INFORMATION.
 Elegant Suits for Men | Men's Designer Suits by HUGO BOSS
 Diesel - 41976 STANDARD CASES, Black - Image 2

* * *

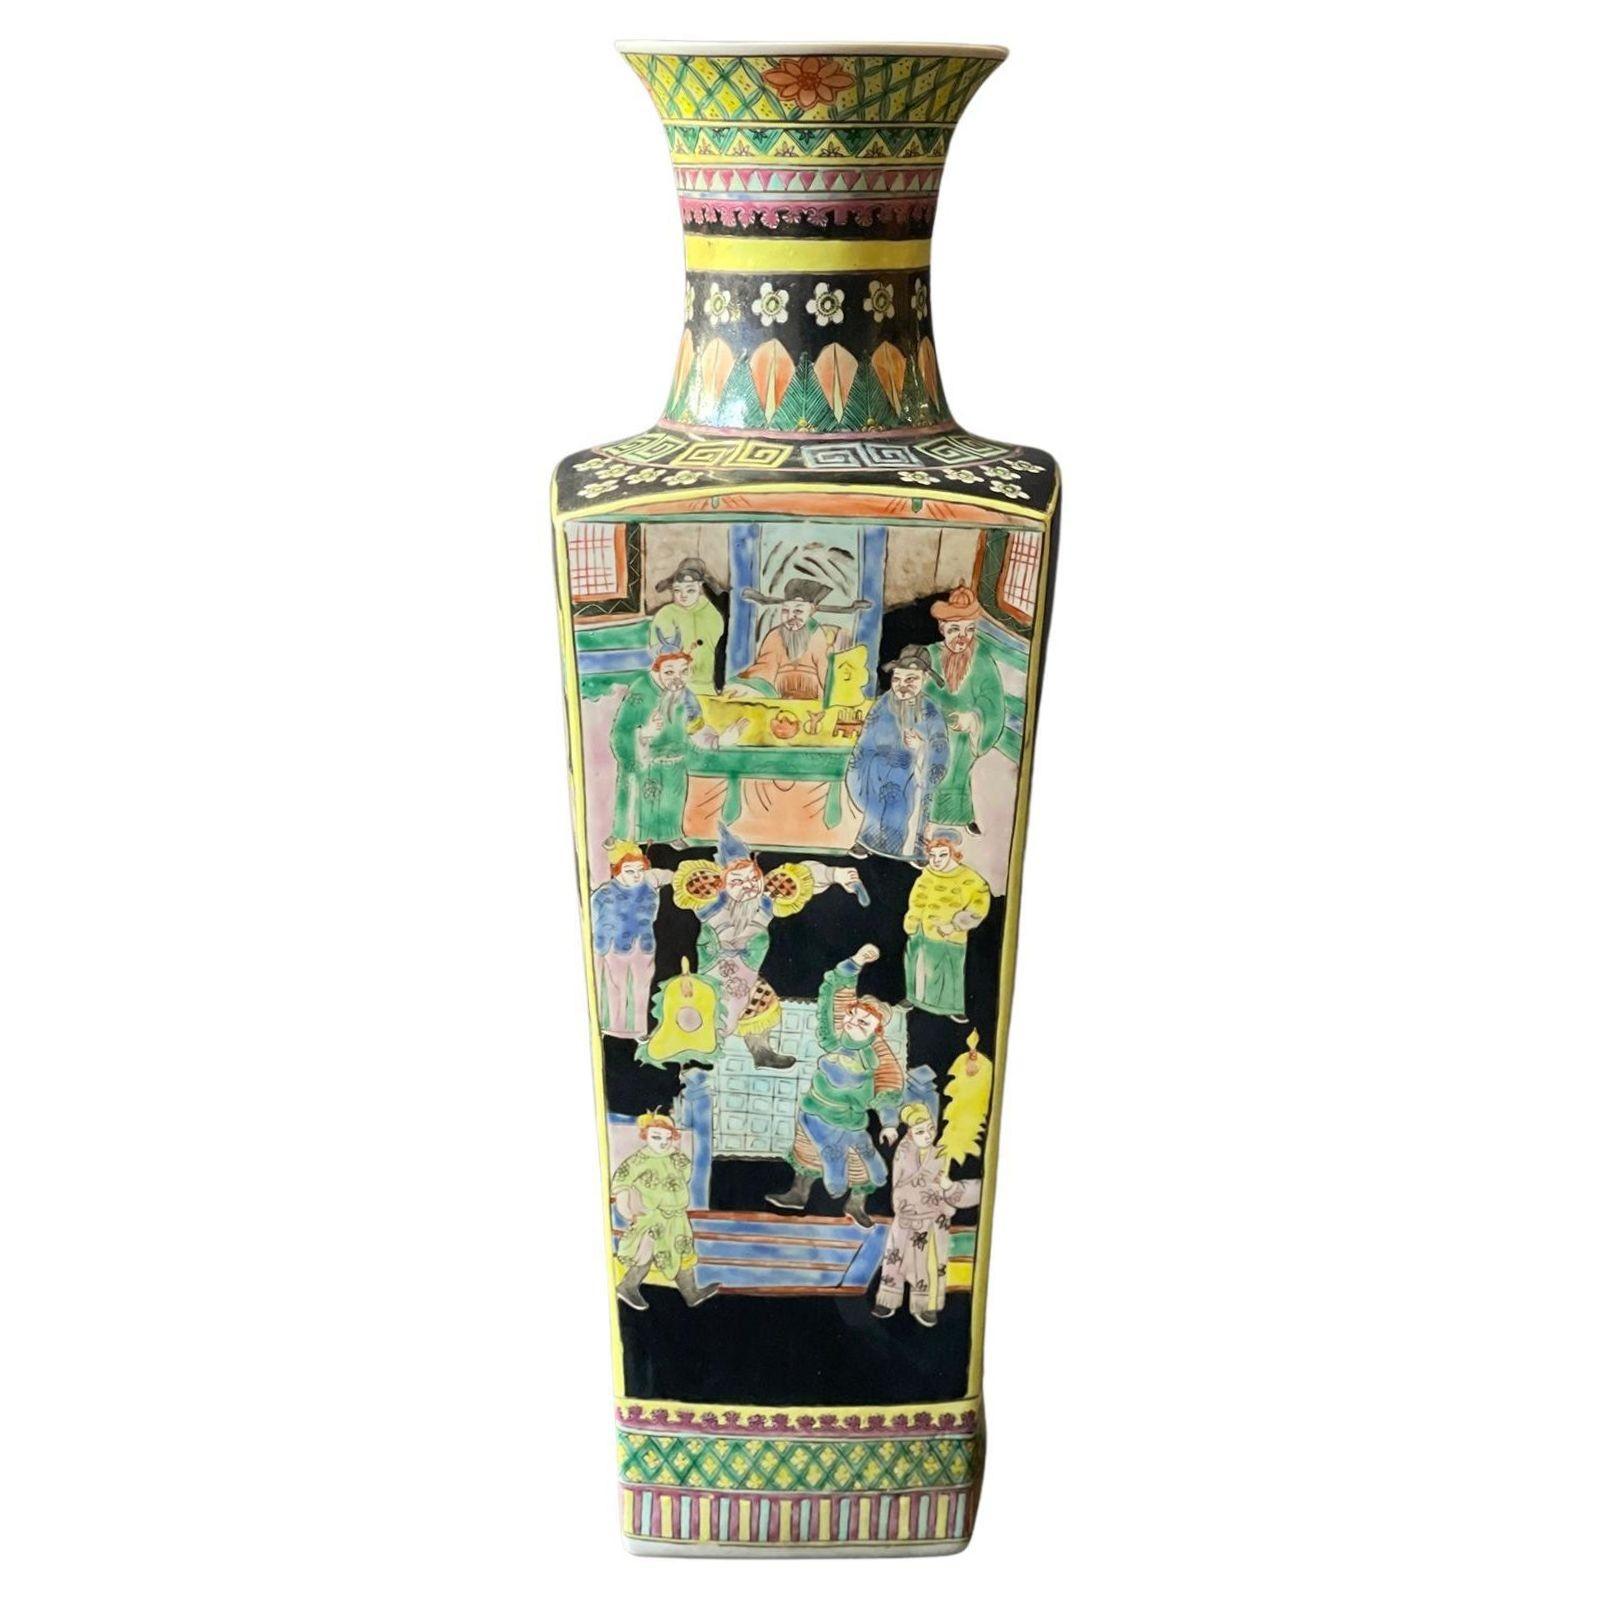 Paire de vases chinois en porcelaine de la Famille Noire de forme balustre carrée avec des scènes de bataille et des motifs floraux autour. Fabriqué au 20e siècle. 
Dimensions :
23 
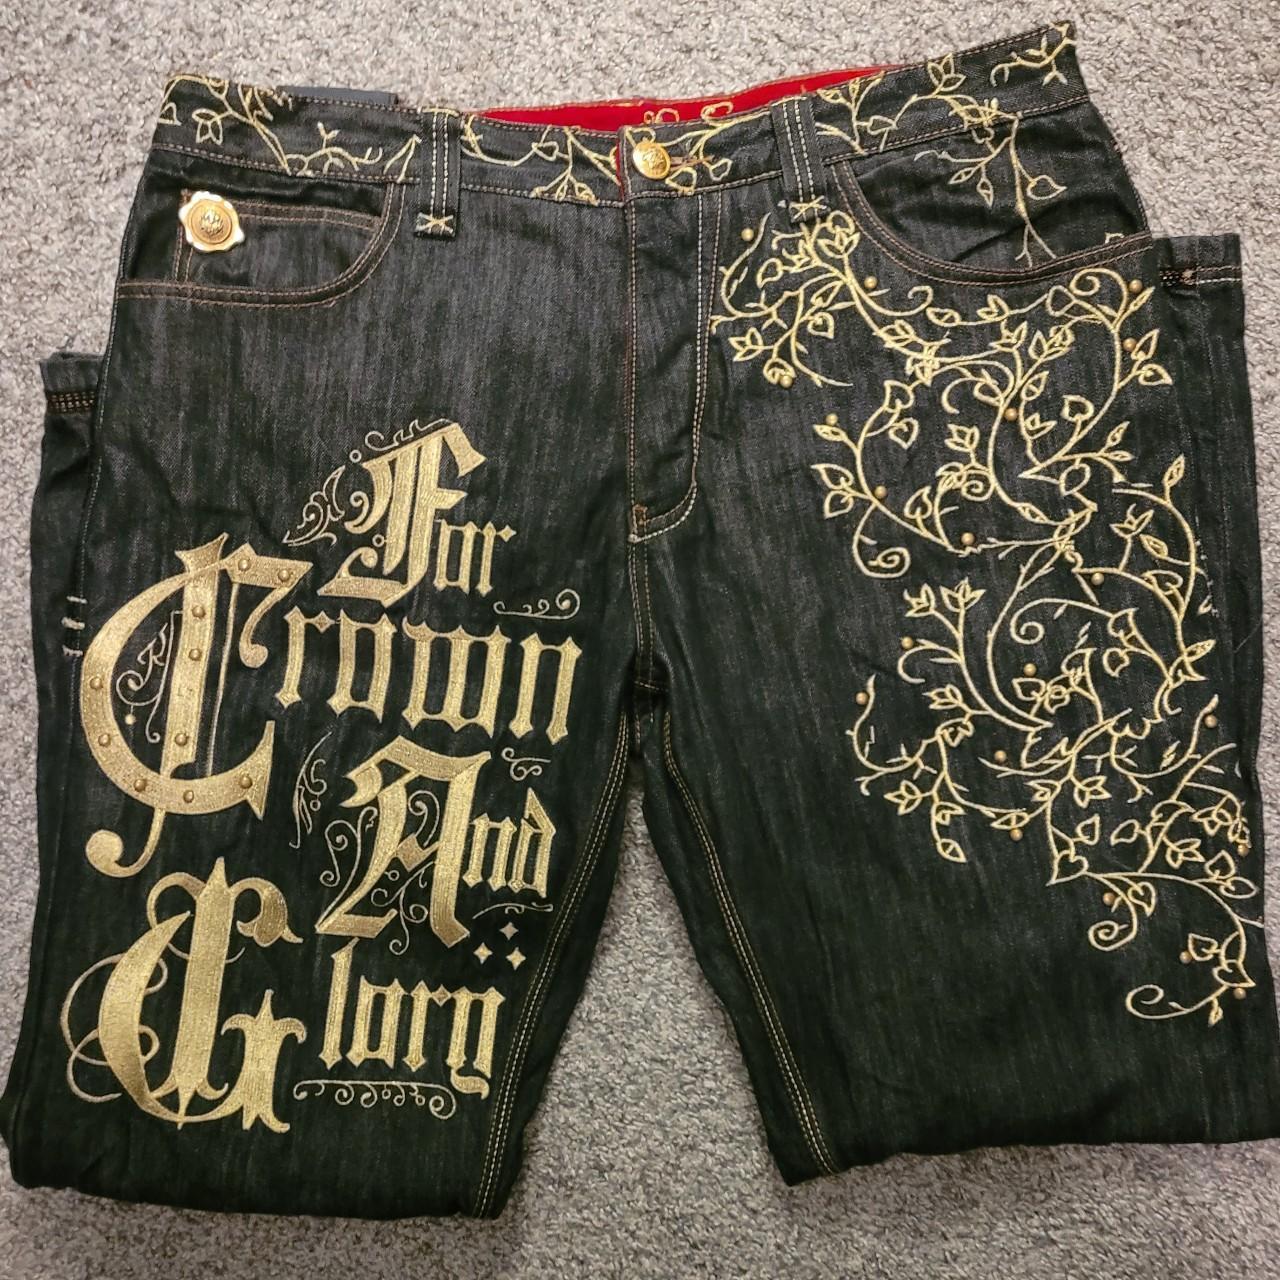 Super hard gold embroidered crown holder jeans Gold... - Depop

TASK REQUIREMENTS. Reproduce the data above exactly, but only from the line containing "Paire de vases" through the line containing "Super hard gold". Omit all pictures.

EXPECTED OUTPUT.
 Paire de vases chinois en porcelaine de la Famille Noire de forme balustre carrée avec des scènes de bataille et des motifs floraux autour. Fabriqué au 20e siècle. 
Dimensions :
23 
 Super hard gold embroidered crown holder jeans Gold... - Depop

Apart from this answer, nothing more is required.